This is so easy and you can make as many as you like to take to work or to have as a snack.

Ingredients

4 Whole wheat tortilla shells
2 cups cooked and diced chicken
1 cup chopped celery
¼ cup diced green onions
½ cup seedless grapes (cut in half)
2 tbsp. mayonnaise

Mix everything together in a bowl and spoon the mixture lengthwise into the center of the wrap. Roll the wrap and enjoy!

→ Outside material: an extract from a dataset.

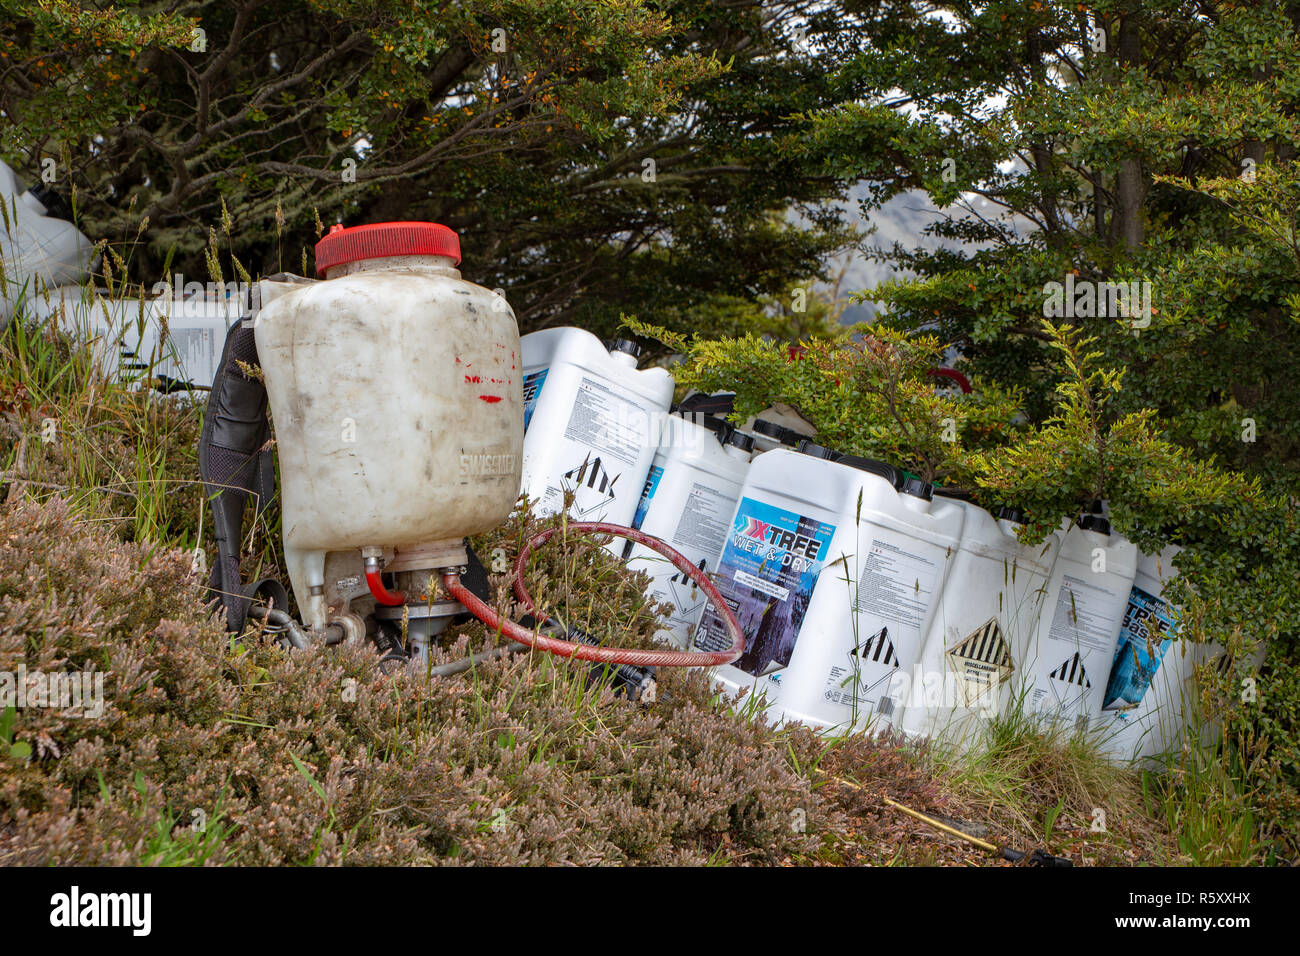 Canterbury, New Zealand - December 3 2018: Plastic containers of herbicide used to kill wilding pines are delivered by helicopter to the top of a hill Stock Photo

This makes 4 wraps, alter the amounts to make as few or as many as you want.

Couscous Salad

This can be made ahead to have ready for dinner, lunch or a snack. Add a breast of chicken and have as a complete meal!

Ingredients

2 cups couscous (or 1 box found in the organic aisle-try the spinach lemon)
2 cups water
1 diced red pepper
1 diced yellow pepper
1 diced green pepper
1 diced tomato
¼ cup diced green or white onions
½ crumbled feta
3 tbsp. flax seed oil
½ lemon
1 tsp. dried basil or 2 tbsp. fresh basil

Boil 2 cups of water in a saucepan.
Add the couscous.
Remove from heat and cover for 5 minutes.
Fluff with fork and transfer to a bowl.
Add all remaining ingredients, stir together and refridgerate to cool.

Brown rice and Bean Salad

This couldn’t be easier!

Ingredients

2 cups of cooked brown rice.
1 can of marinated bean salad (found in the bean or organic aisle)
¼ cup diced green onions
½ cup diced tomatoes
Parmesan cheese
3 tbsp. Balsamic vinegar

Mix the beans and rice together. Mix in balsamic vinegar. Add in green onions and tomatoes. Top with parmesan cheese. Enjoy!

Superfood Smoothie

Choose a green powder that is made from organic whole foods and features high chlorophyll foods such as wheatgrass, spirulina, and barley greens.

Ingredients

1 cup (250 ml) soy, rice, grain or almond milk
1/3 cup (160 ml) frozen berries
1 small fresh or frozen banana
2 tsp Greens powder
1-2 Tbsp ground flax seed or flax oil
½ tsp tahini (found in natural food section with the nut butters)
½-1 cup filtered water or juice

Blend all ingredients together in a blender. Drink and enjoy each morning or at any time of the time of the day!

Berry Breakfast Wrap

Using natural nut butter, such as almond butter is recommended for this recipe. Almond butter adds protein, good fats and calcium.

Ingredients

1 cup (250 ml) granola
1 cup (250 ml) yoghurt (Bio-best or Activia are the best brands found in most grocery stores)
2 Tbsp almond butter
1 banana
1 tsp honey or maple syrup
½-1 cup berries
2 x 10 inch whole wheat tortillas

In a large bowl, combine the yoghurt, granola, maple syrup and banana. Fold in the berries. Divide the nut butter between the tortillas and spread over each. Leave a 1 inch border around the edge.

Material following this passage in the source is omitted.